▸ GIVEN RECORDS
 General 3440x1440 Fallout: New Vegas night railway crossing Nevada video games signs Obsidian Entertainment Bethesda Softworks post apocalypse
---
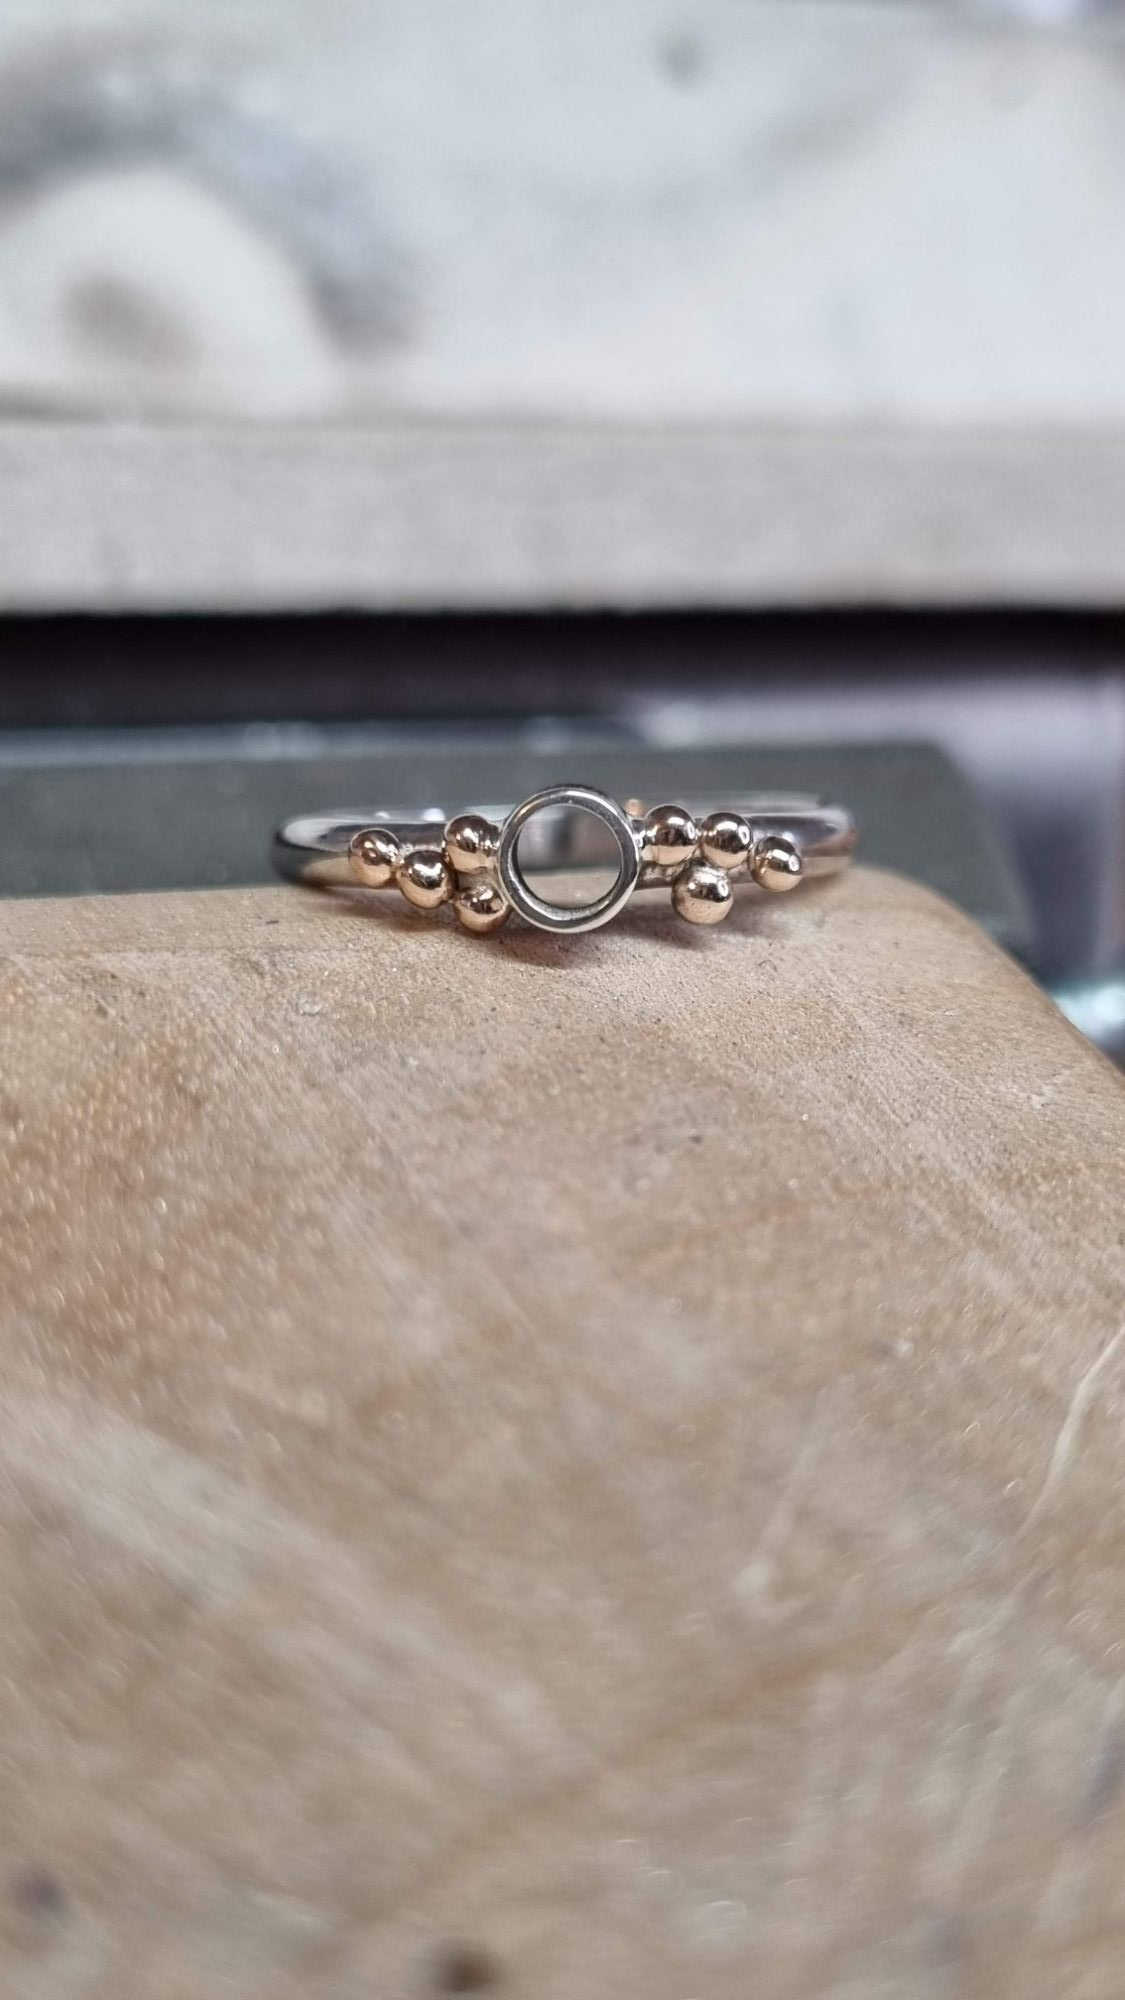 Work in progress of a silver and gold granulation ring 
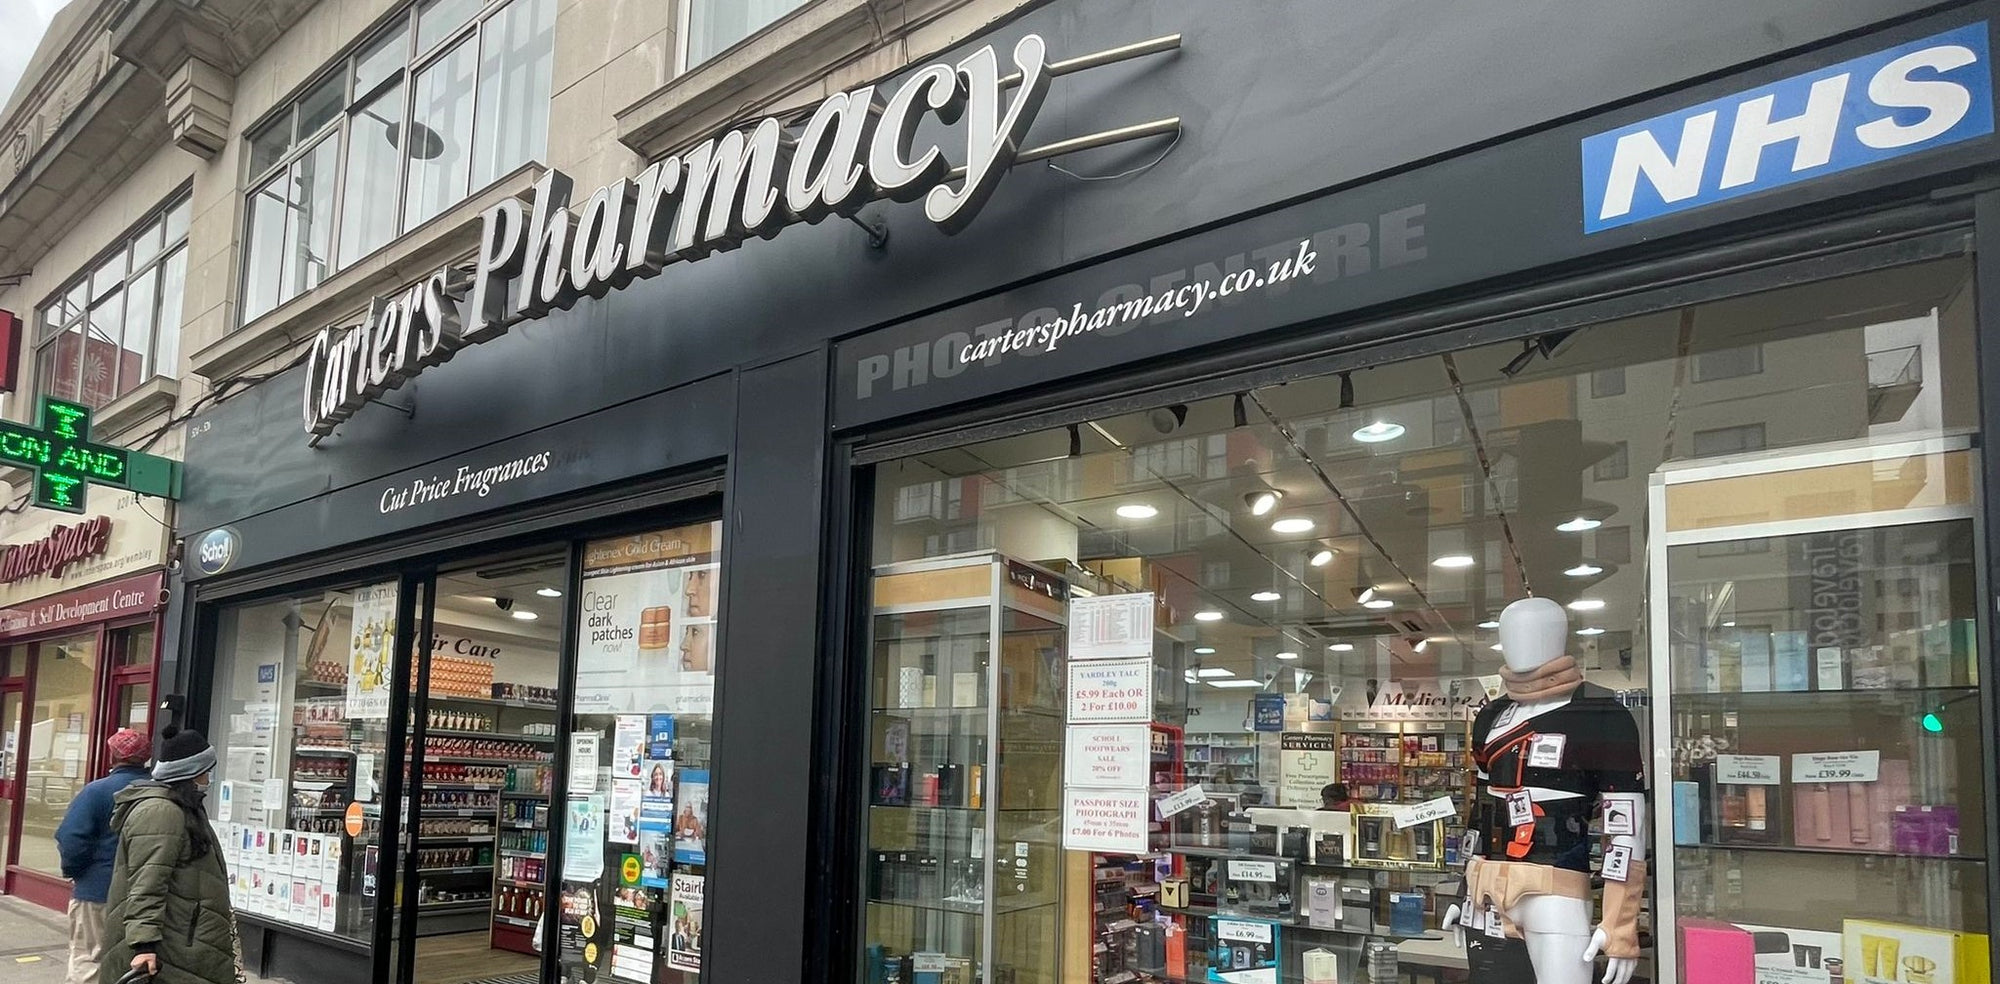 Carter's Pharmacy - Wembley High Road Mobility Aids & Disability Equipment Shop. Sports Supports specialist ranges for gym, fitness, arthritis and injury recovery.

▸ WHAT YOU NEED TO DO
Which part of the entries opens with the line containing "Work in progress" and closes with the line containing "Carter's Pharmacy - Wembley"? Output that part exactly, ends included, pictures excluded.

▸ SOLUTION FOR THIS PROBLEM
 Work in progress of a silver and gold granulation ring 
 Carter's Pharmacy - Wembley High Road Mobility Aids & Disability Equipment Shop. Sports Supports specialist ranges for gym, fitness, arthritis and injury recovery.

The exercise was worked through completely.